As I write this essay, in the early summer of 2020, I have yet to uncover documentary proof of my husband’s grandparents’ involvement; it may no longer be possible after such a span of time. The historian in me hesitates, ever cautious, wanting more proof, yet I cannot say that such evidence is truly necessary. And that’s because the story of Giovanni and Emma Guarda’s humble courage, the story that led me to Our Darkest Night, is not the reason I wrote this novel. I wrote it because my son’s question made me wonder about the people who were forced into hiding. What were their stories? How did they survive? And might it be possible for me, a Gentile, to write a story from their point of view?
Nina is at the center of this novel because it was her perspective, from the beginning, that resonated most profoundly for me. Every time I sat down to write, it was her eyes that allowed me to see. No other point of view seemed possible, let alone desirable. The actions of many of the Gentiles in Our Darkest Night, among them Nico, Father Bernardi, and Rosa, are selfless and heroic, as indeed were those of Father Stocco and the parishioners of San Zenone. They were heroes, to be sure; but the heart and soul of this novel belongs to Nina, and with her the thousands of Italian Jews who were persecuted, terrorized, murdered, and silenced.
In the creation of Our Darkest Night, I studiously avoided any alterations to the historical record. I also decided against featuring any known historical figures among my central characters. To fictionalize the story of Piera Sonnino, for instance, whose memoir This Has Happened was so central to my understanding of the Shoah in Italy, was unthinkable. In so doing I would be subduing her truth into my fiction. I would be silencing her voice.

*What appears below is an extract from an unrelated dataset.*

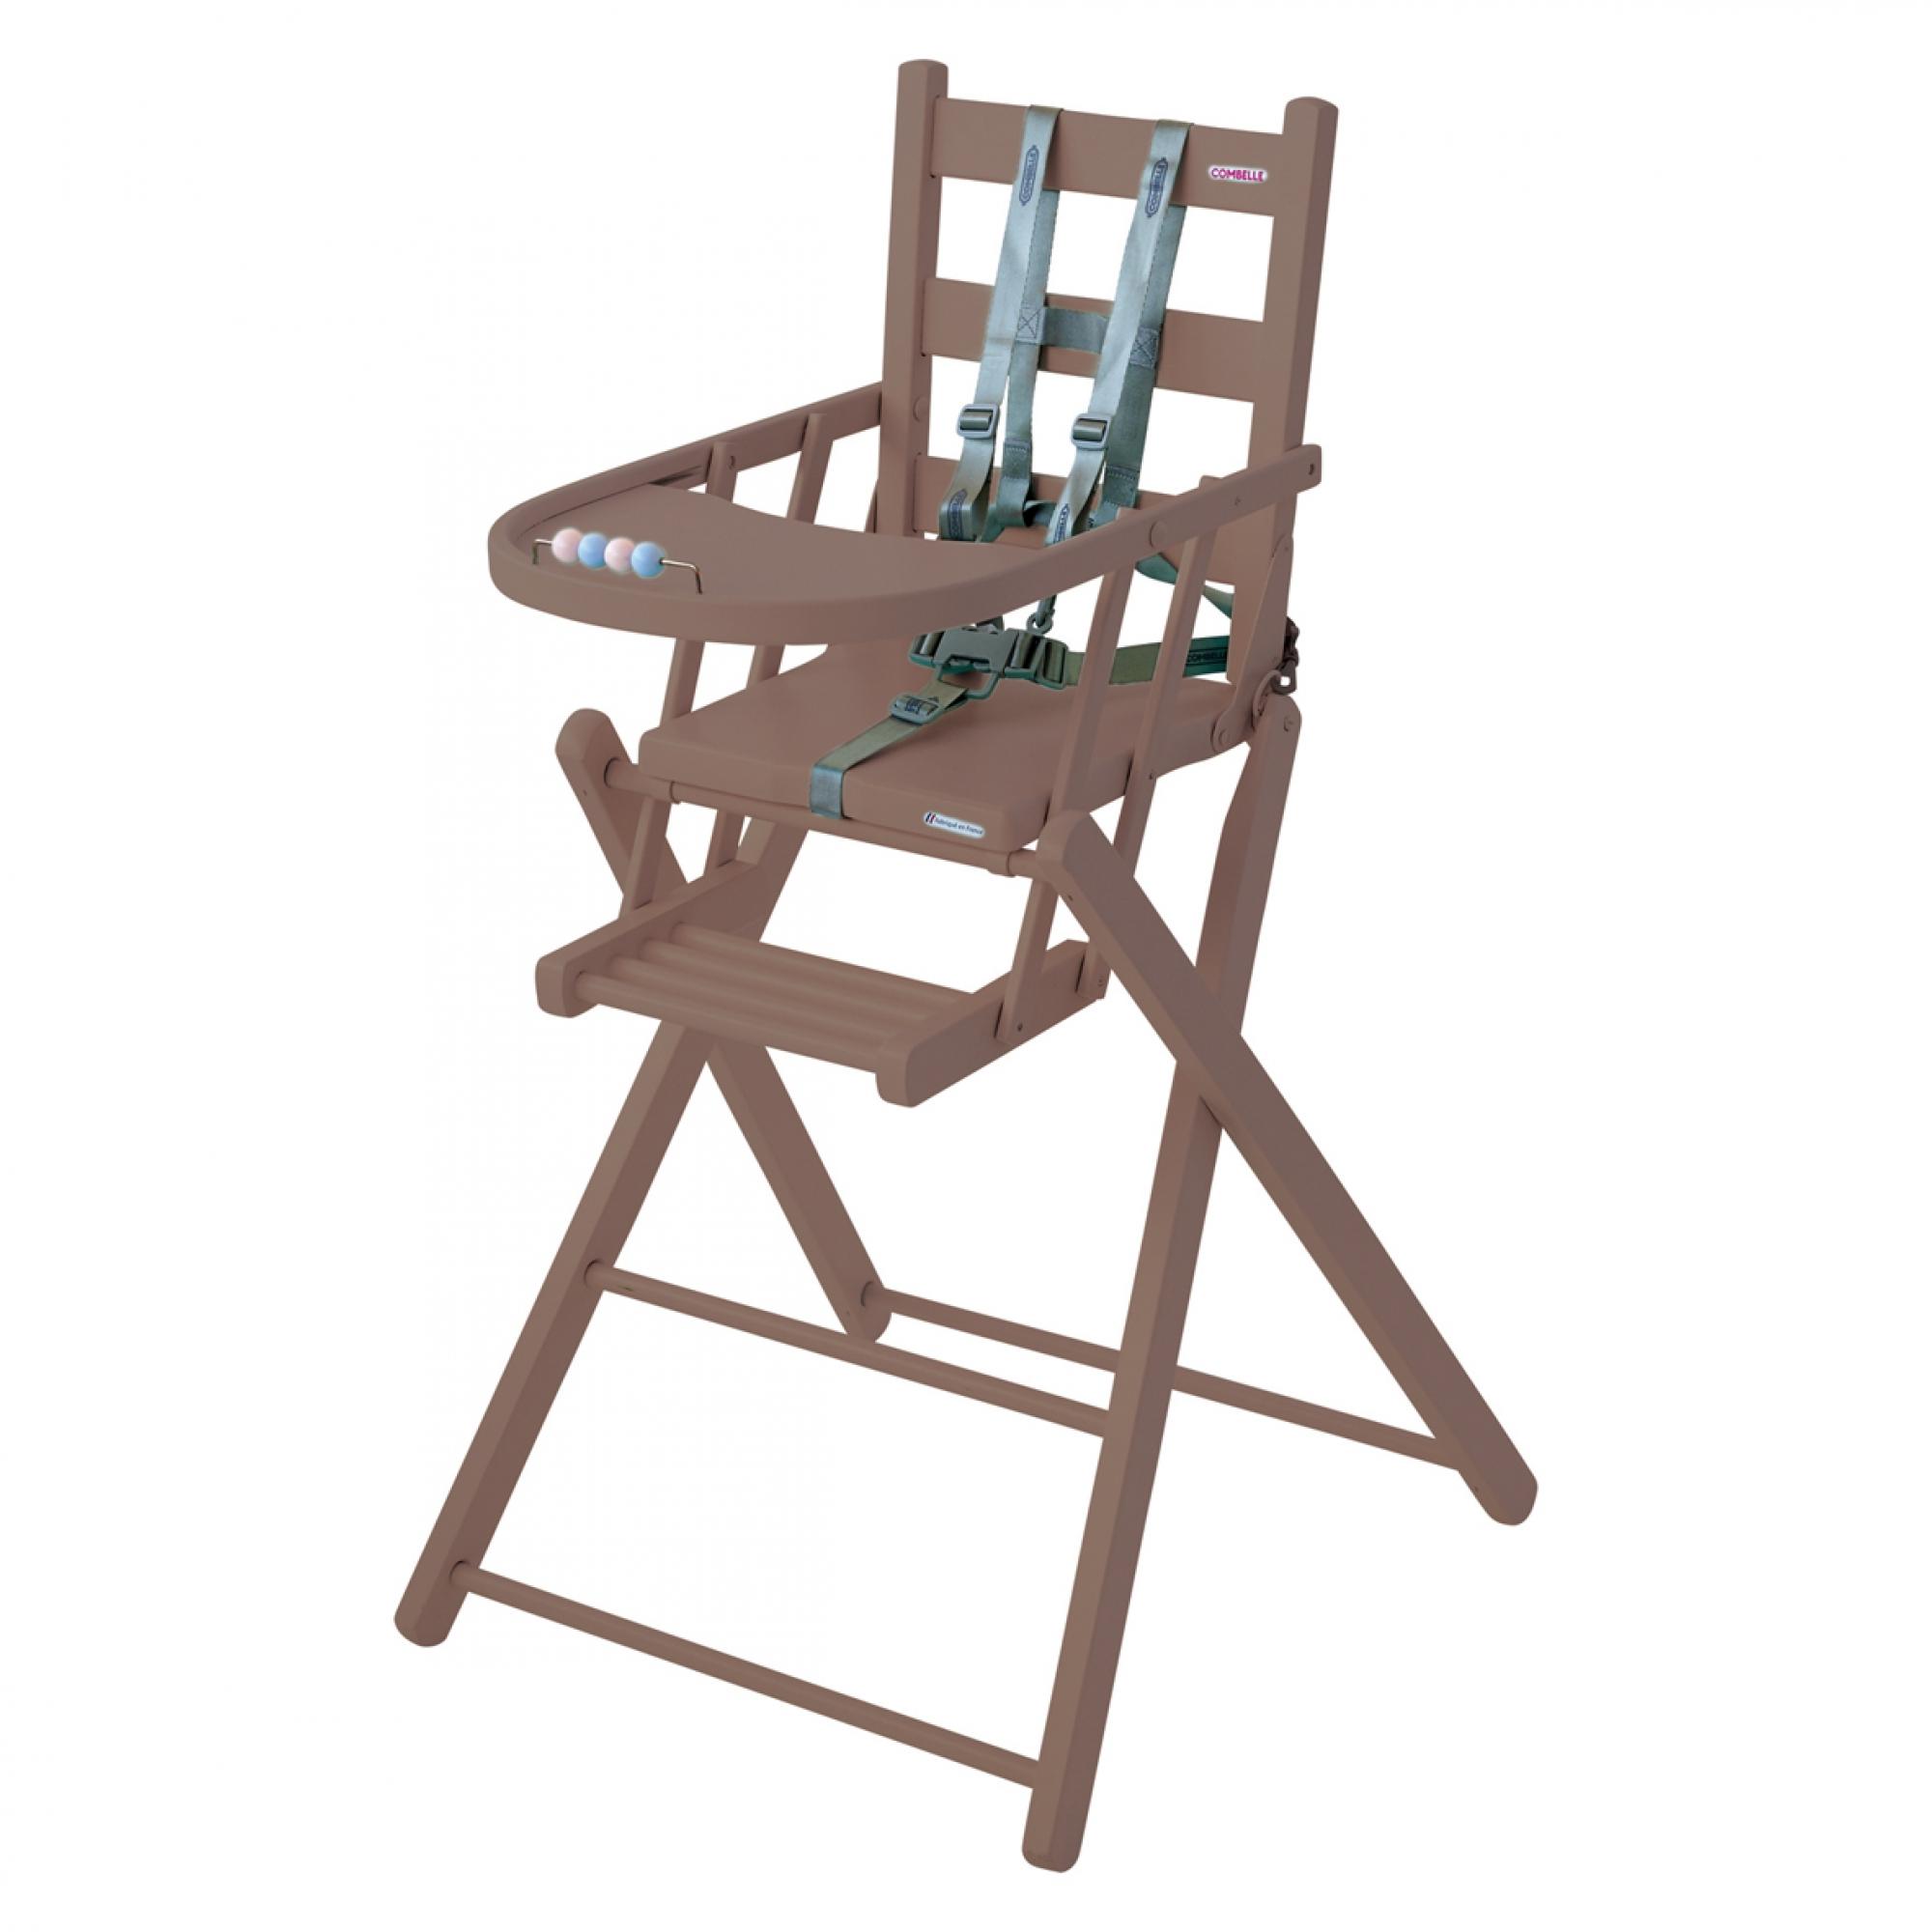 Chaise Haute SARAH extra-pliante laque taupe

Instead I searched for spaces within the historical record where my characters might plausibly reside. To employ but one example: there really was a deportation train that left the detention camp in Bolzano, Italy on October 24, 1944, and arrived at Birkenau after an indescribably harrowing four-day journey. Rather than remove any single voice from the historical record, and subsume that person’s truth into my story, I decided to add Nina’s voice to the chorus of women on the train. In so doing, I sincerely hope that I have helped to amplify the voices of those who were forced to undergo that journey, as well as the millions more whose lives were cut short by the horrors of the Holocaust.
I was inspired to adopt this approach by Susanne C. Knittel’s The Historical Uncanny: Disability, Ethnicity, and the Politics of Holocaust Memory, in which she describes the act of “vicarious witnessing.” Such an approach, she explains, “does not entail an act of speaking for and thus appropriating the memory and story of someone else but rather an attempt to bridge the silence through narrative means.”
Millions were silenced by the Holocaust. More than seventy-five years on, the inexorable passage of time is silencing the last of its survivors and its witnesses. Each year there are fewer among us who can bear direct witness to the horrors they endured; soon they will all be gone. And that is where vicarious witnesses, among them writers and historians like me, can attempt to defeat the silence. With my creation of Nina, her family, her struggles, and her triumphs, I am trying to make a difference. I am trying to act as a vicarious witness so these stories are not lost.
Antonina Mazin is a construct of my imagination, but her story was inspired by those of real people who lived, suffered, and died; people who loved and were loved; people whose lives have ended, but whose existence mattered. Their sacred memory must not be allowed to fade.